Beckenboden stärken

Der Darm, die Blase, die Gebärmutter – jede fünfte Frau muss wegen einer Organsenkung im Beckenbodenbereich behandelt werden. Die Vorfälle sind meist harmlos, dennoch erschrecken viele Betroffene.

«Beim Duschen habe ich plötzlich etwas wie einen weichen Pingpongball vor meiner Scheide gespürt. Ist das gefährlich, bösartig?» Solche Fragen hört Dr. med. Daniele Perucchini vom Blasenzentrum Zürich häufig. Sehr häufig, denn er beschäftigt sich ausschliesslich mit Blasen- und Beckenbodenproblemen von Frauen.

20 Prozent der Frauen werden im Laufe ihres Lebens wegen einer Organ-Senkung im Beckenbodenbereich behandelt. Umso erstaunlicher, dass es ein Tabuthema ist: «Noch immer hat ein Grossteil der Frauen keine Ahnung, worum es sich bei dieser Wölbung handeln könnte – viele haben Angst, es sei ein Tumor.» Dr.
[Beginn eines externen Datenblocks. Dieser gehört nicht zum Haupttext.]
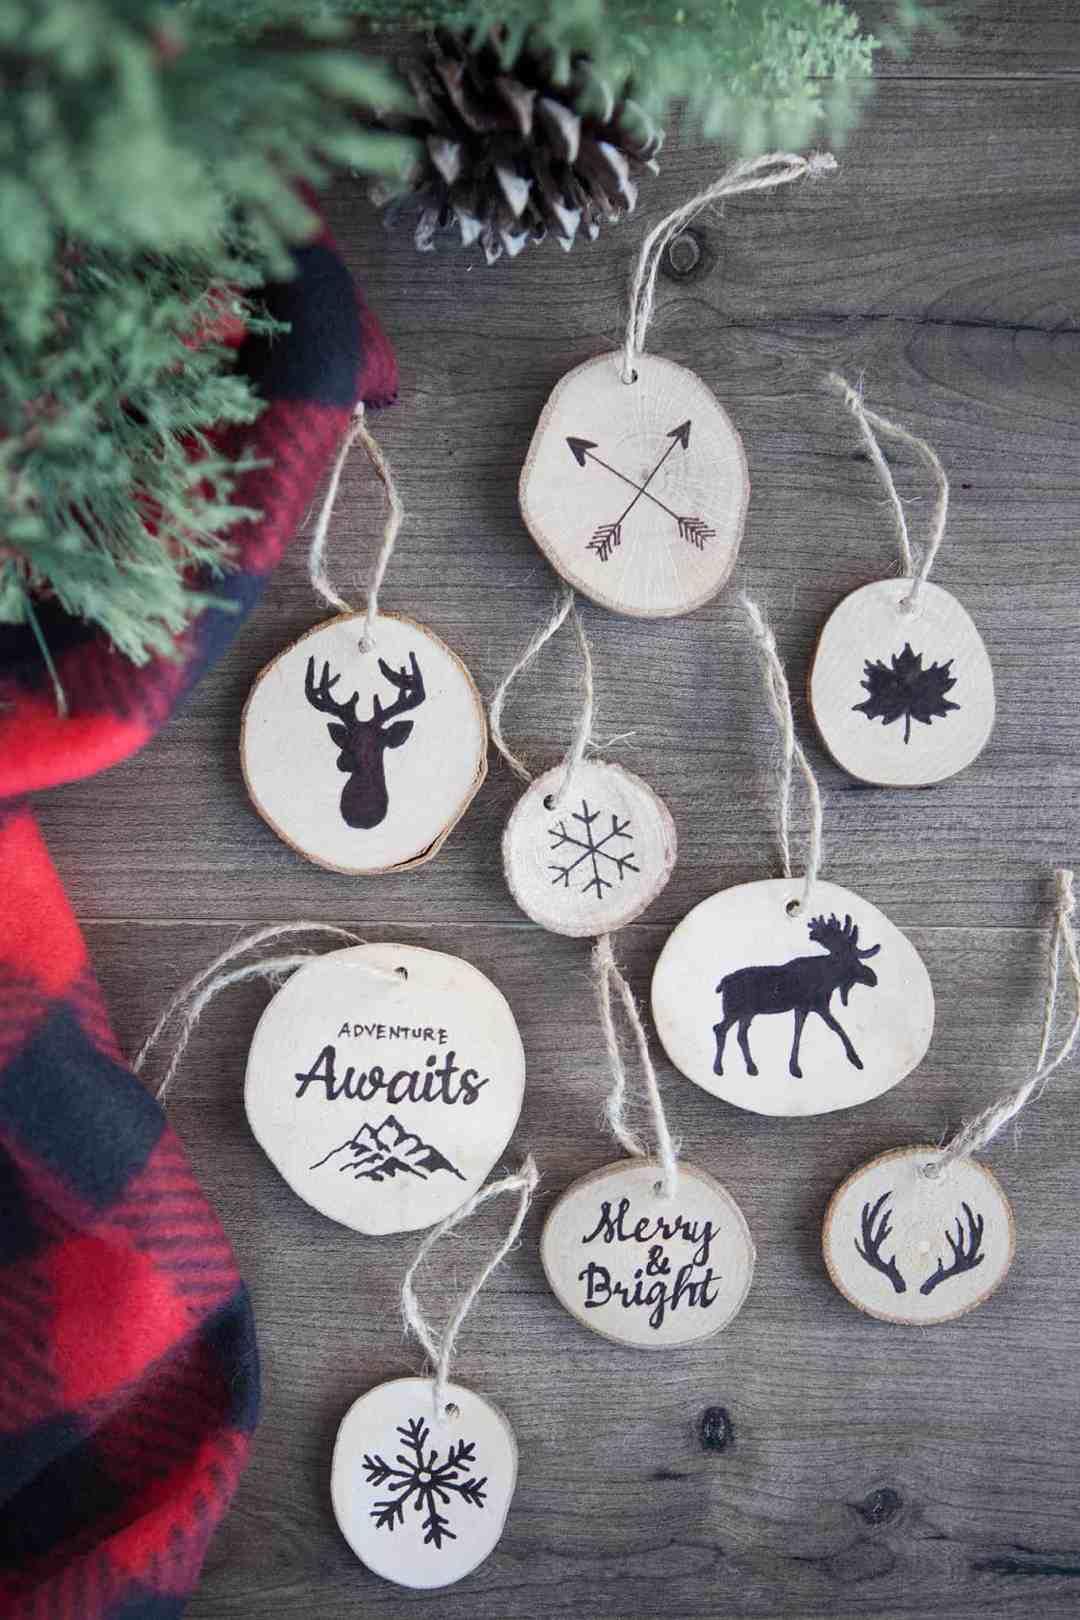 Farmhouse Style Ornaments for Christmas
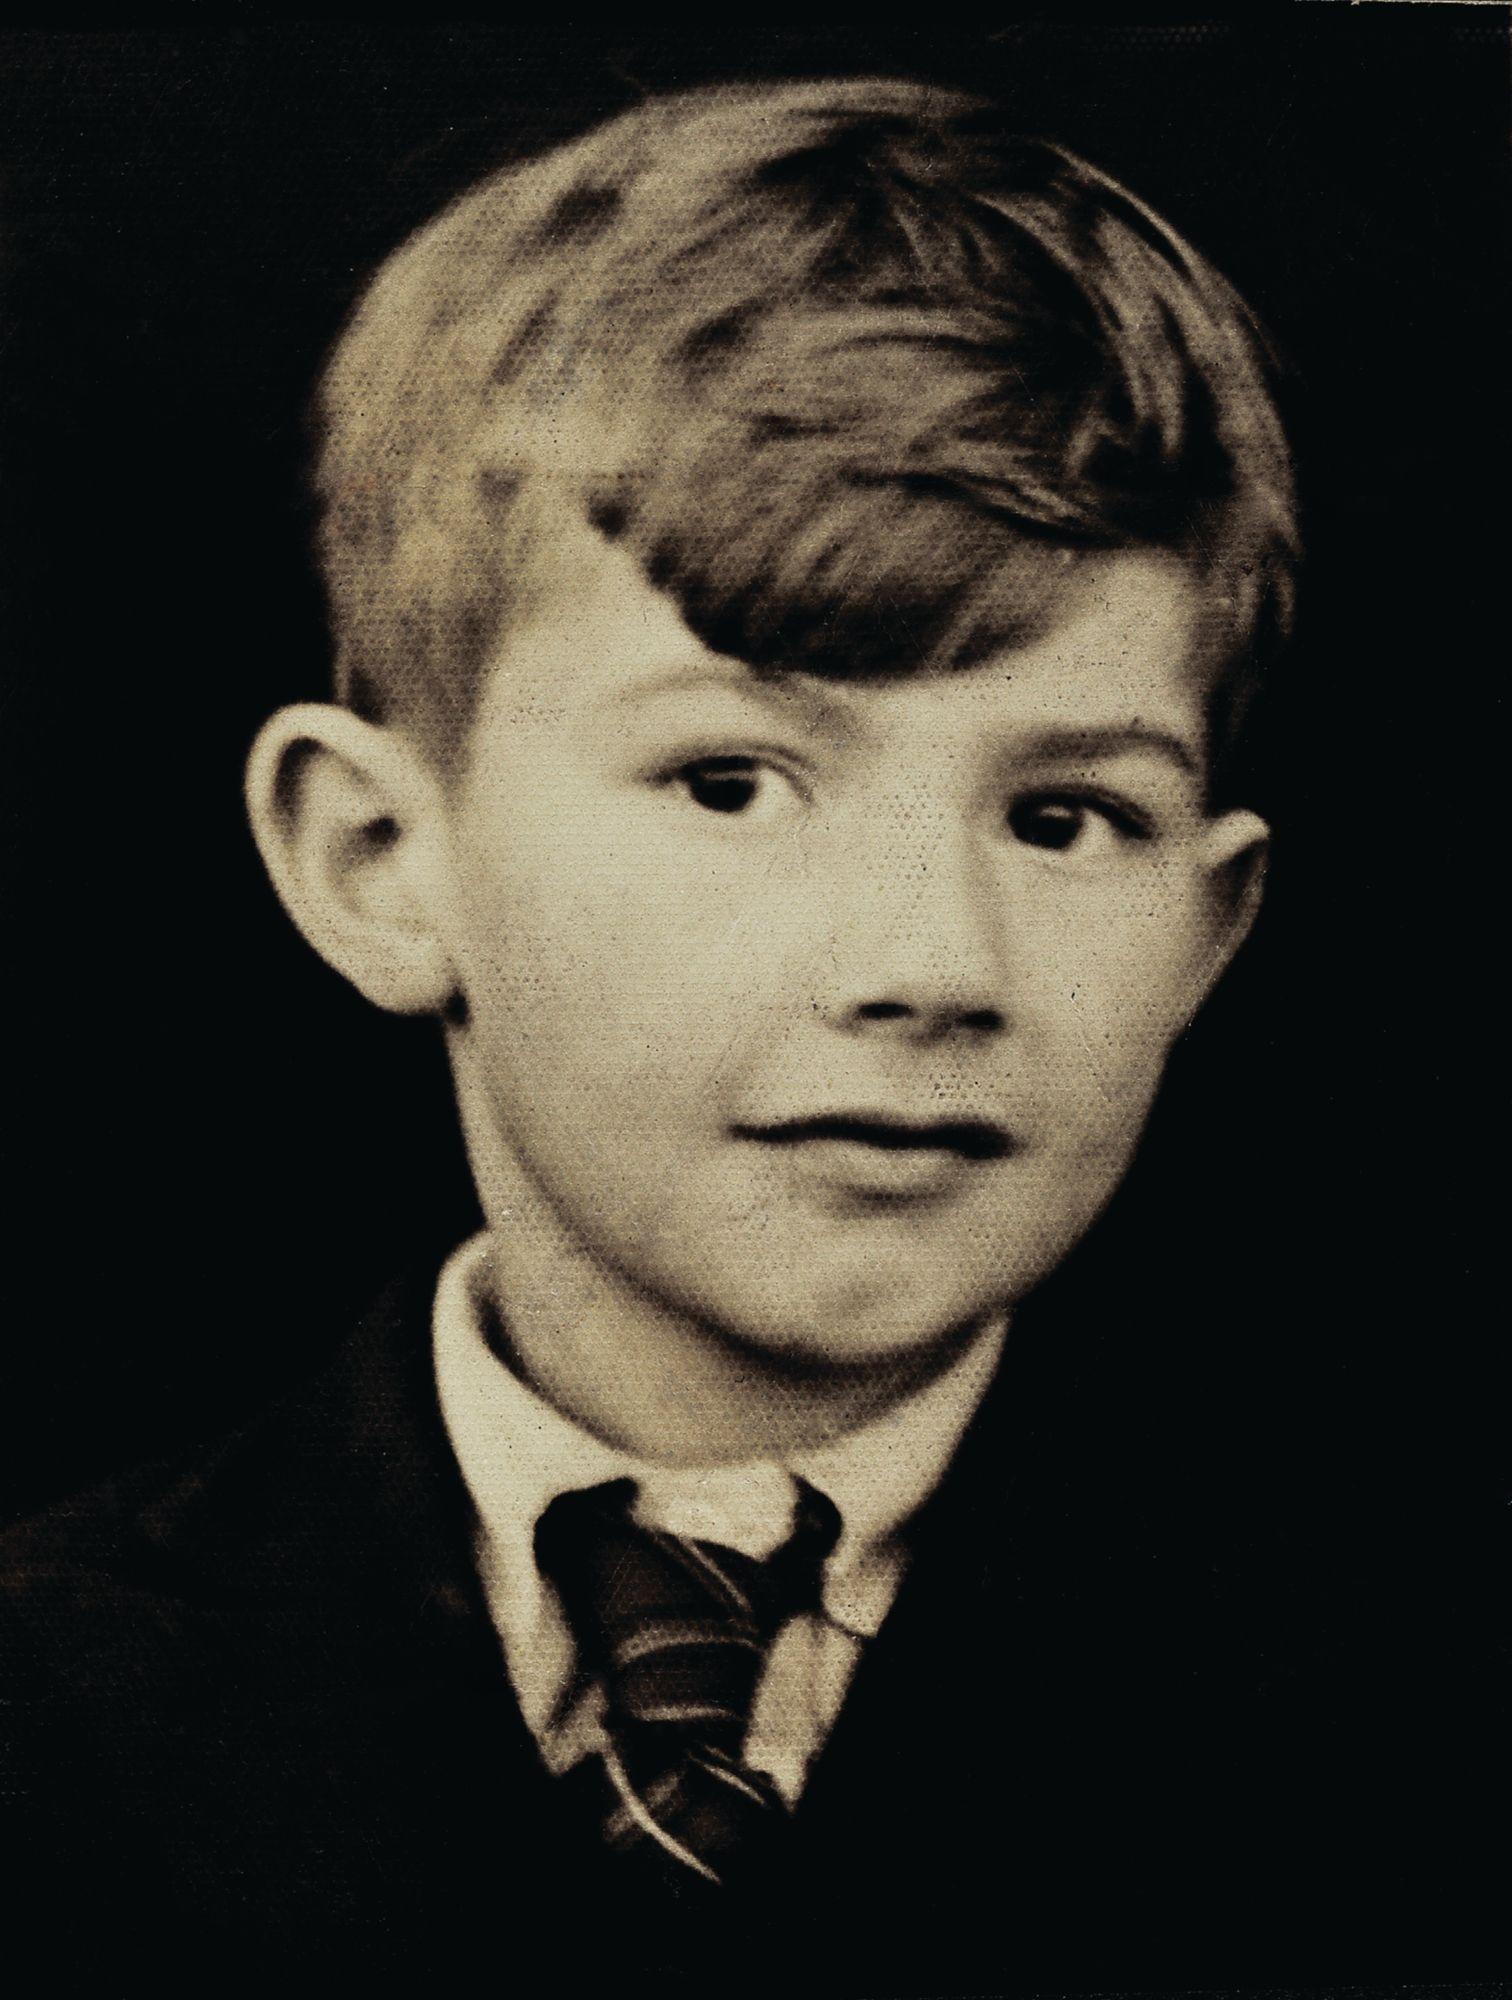 Paul Smith 早期的照片。

Perucchini kann meist Entwarnung geben und auch das «plötzlich» entschärfen. «Solange sich die Organe innerhalb der Scheide absenken, wird die Veränderung kaum wahrgenommen – liegt ein Teil vor der Scheide, fühlt es sich nach ‹plötzlich› an.» Ist das schmerzhaft? «Nein. Eine Senkung verursacht ein lästiges Druckgefühl, vielleicht eine gewisse Schwere im Unterleib. Am typischsten aber ist das störende Gefühl.»

Nicht nur die Blase

Oft ist es die Harnblase, manchmal ein Teil der Gebärmutter oder des Darms, der sich gesenkt hat. «Auch wenn häufig von einer Blasensenkung gesprochen wird, ist meist der gesamte Beckenboden betroffen. Aber viele Frauen erschrecken, wenn ich ihnen erkläre, dass es auch bei ihnen so ist», erklärt der Facharzt. Dabei ist das ganz normal: «Der Beckenboden stützt Blase, Gebärmutter und Darm. Wenn Muskulatur und Haltestruktur schwächer werden, drücken die Organe nach unten und können durch die Scheide austreten.» Häufig ist es zuerst die Blase – das dürfte auch der Grund sein, warum so oft nur von einer Blasensenkung die Rede ist.

Dr. Perucchini weiss, warum der Beckenboden häufig eine Schwachstelle ist: «Vor allem die Belastung während einer Geburt ist enorm. Das Risiko steigt um den Faktor 10! Aber auch chronische Verstopfung, Asthma, ständiges Niesen, Husten, Erbrechen, Übergewicht oder schweres Heben erhöht den Druck auf den Beckenboden. Ebenso spielt die genetische Vorbelastung eine Rolle.» Vorbeugen ist schwierig, aber alles, was den Beckenboden stärkt, wie gezieltes «BeBo»-Training, tut gut. Doch auch das kann nur bedingt die Spuren reparieren, die eine Geburt und der Alltag hinterlassen.

Kein Notfall

Viele Frauen nehmen bereits mit 50 Jahren eine Veränderung wahr. Solange diese subjektiv nicht stört, besteht kein dringender Handlungsbedarf. Dennoch: «Wer etwas Ungewöhnliches spürt, sollte nachfragen», rät der Facharzt mit Schwerpunkt Urogynäkologie. Und was dann? «Es gibt Pessare, das sind Würfel oder Schalen, die wie Tampons in die Scheide eingeführt werden und die Organe von unten stützen. Diese Hilfsmittel können rasch eine Besserung bewirken, oder sie können auch zur Überbrückung bis zu einer Operation angewendet werden. Pessare werden von der Patientin selber nach Instruktionen am Morgen in die Scheide eingeführt und am Abend wieder entfernt.» Reicht das nicht aus, stellt sich die Frage nach einer Operation. Dabei werden die schwachen Strukturen rekonstruiert und so Organe wieder «am richtigen Ort» fixiert. In diesem Zusammenhang muss auch die Entfernung der Gebärmutter diskutiert werden. Es gibt verschiedene Operationsmöglichkeiten, der Eingriff kann häufig über die Scheide durchgeführt werden und dauert ein bis zwei Stunden. Für einige Tage bleiben die Patientinnen im Spital, nach sechs Wochen ist auch die Schonzeit vorbei und das unangenehme Thema erledigt.

Deshalb, liebe Frauen: Jede Fünfte ist betroffen – höchste Zeit, dass der Beckenbodenvorfall nicht länger ein Tabu ist!